Irán se había ganado su lugar en el mundial tras una dura eliminatoria. Su debut estaba programado para el 15 de junio en Los Ángeles, California, contra Nueva Zelanda y su segundo encuentro en la misma ciudad el 21 del mismo mes. Luego, el 26 de julio jugarían frente a Egipto en Seattle.
La salida de la selección iraní del mundial quita un poco de presión a la seguridad, pero se mantiene el temor a una acción de represalia dentro de territorio estadounidense. Los organismos de inteligencia trabajan para detectar cualquier tipo de amenaza terrorista de las llamadas “células dormidas” de radicales islámicos que están a la espera de una orden y una oportunidad, o de algún agente terrorista (lobo solitario) que pueda entrar por las amplias fronteras entre México y Canadá.
En este tema, a diferencia del narcotráfico y la delincuencia común, sí pueden existir todos los elementos para calificar un acto terrorista: una reivindicación política, ideológica e incluso religiosa.
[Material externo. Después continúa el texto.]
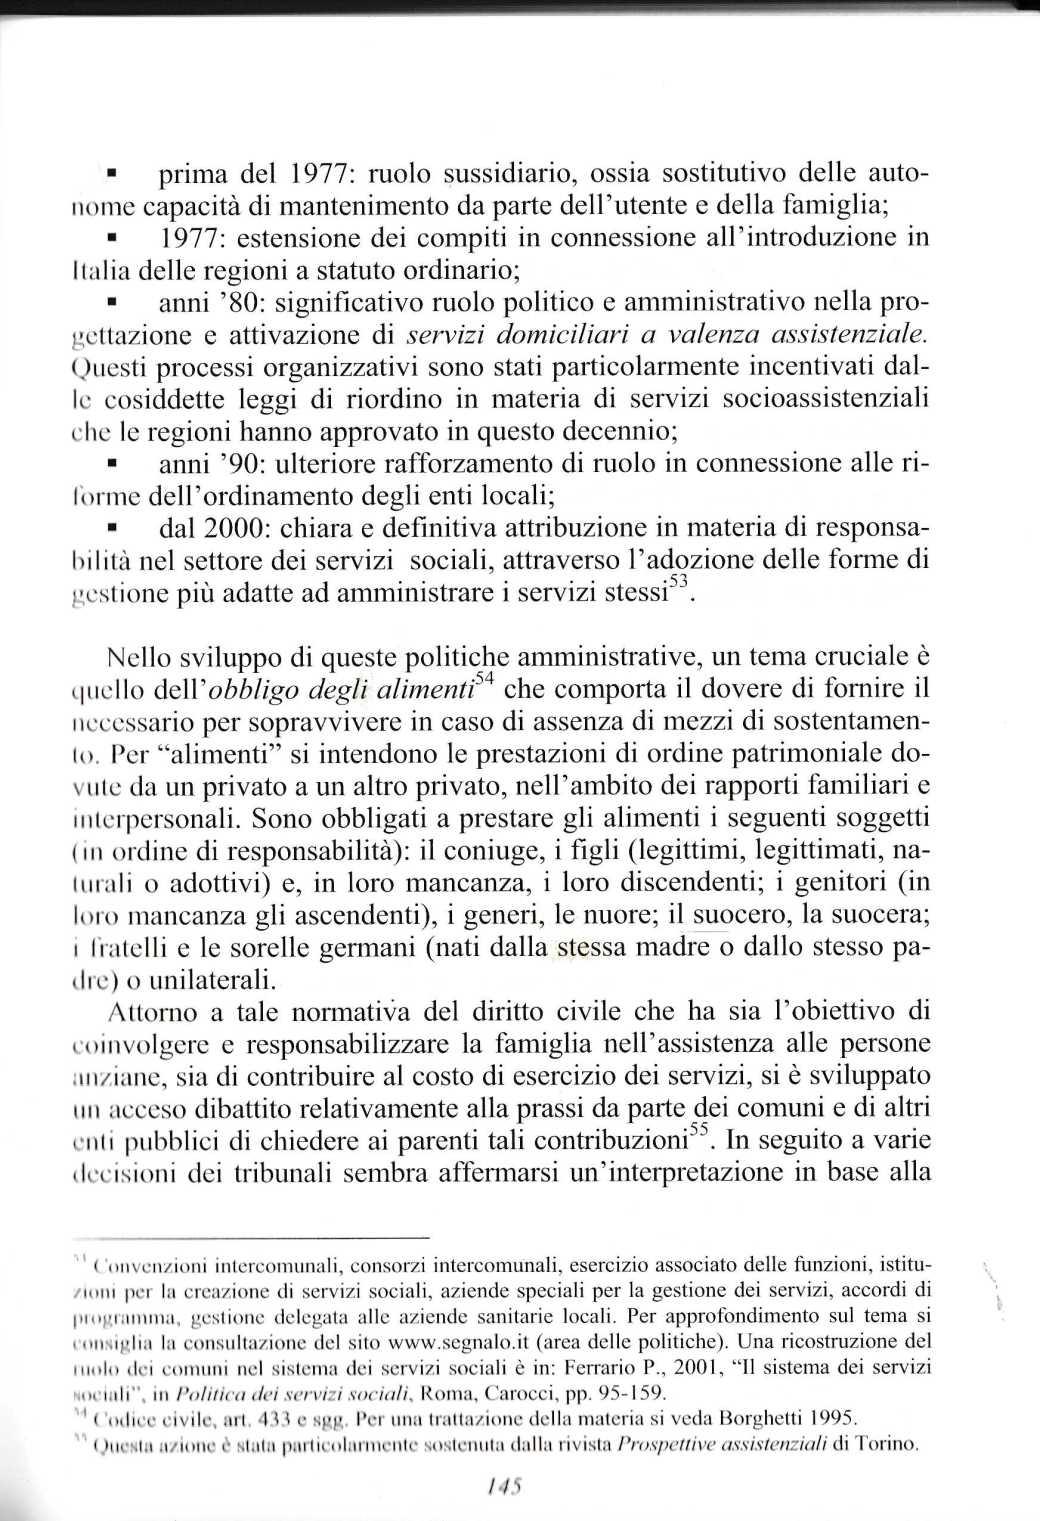 anziani politiche servizi 2005 ferrario paolo1328

Y por eso la coordinación en materia de seguridad entre los tres países es vital, ni más ni menos. Hay que tomar en cuenta que no necesariamente pueda tratarse de un evento ordenado por el régimen iraní, ya que podría ser un acto gestado desde los tantos frentes abiertos de esta guerra.
Los grandes eventos se prestan para actos de esta naturaleza, como el mundo ya lo vivió en 1972 en los Juegos Olímpicos de Múnich, cuando un comando armado de la llamada Organización para la Liberación de Palestina (OLP) secuestró y asesinó a 11 atletas israelíes, en lo que hoy se conoce como el “Septiembre Negro”.
Y es por eso que la estrategia seguridad para el evento toma en cuenta a todas las instancias de seguridad de los tres países, de manera coordinada. Tan solo este 9 y 10 de marzo el Comité Interamericano contra el Terrorismo de la OEA convocó en Washington a una reunión con los representantes de los tres países para analizar todo el entorno en que se desarrollará la copa del mundo.
Finalmente y frente el ánimo un poco pesimista que pueda quedar después de leer estas líneas, hay que decir que, efectivamente, hay elementos de amenaza presentes, pero también capacidades desarrolladas de inteligencia como nunca se había visto. Tecnología de punta para identificación de riesgos, uso de investigación y bases de datos auxiliadas con AI, identificaciones faciales y biométricas y muchas otras cosas que quizás no sabremos a profundidad porque perderían su necesaria reserva.
Para los aficionados al futbol nos queda disfrutar de un gran evento y estar atentos sin caer en pánico. Ser colaborativos antes las peticiones de autoridades migratorias y policiales y, en todo caso, ser parte de la seguridad como ciudadanos, aficionados y turistas. Es el mundo complejo que nos tocó habitar en este 2026.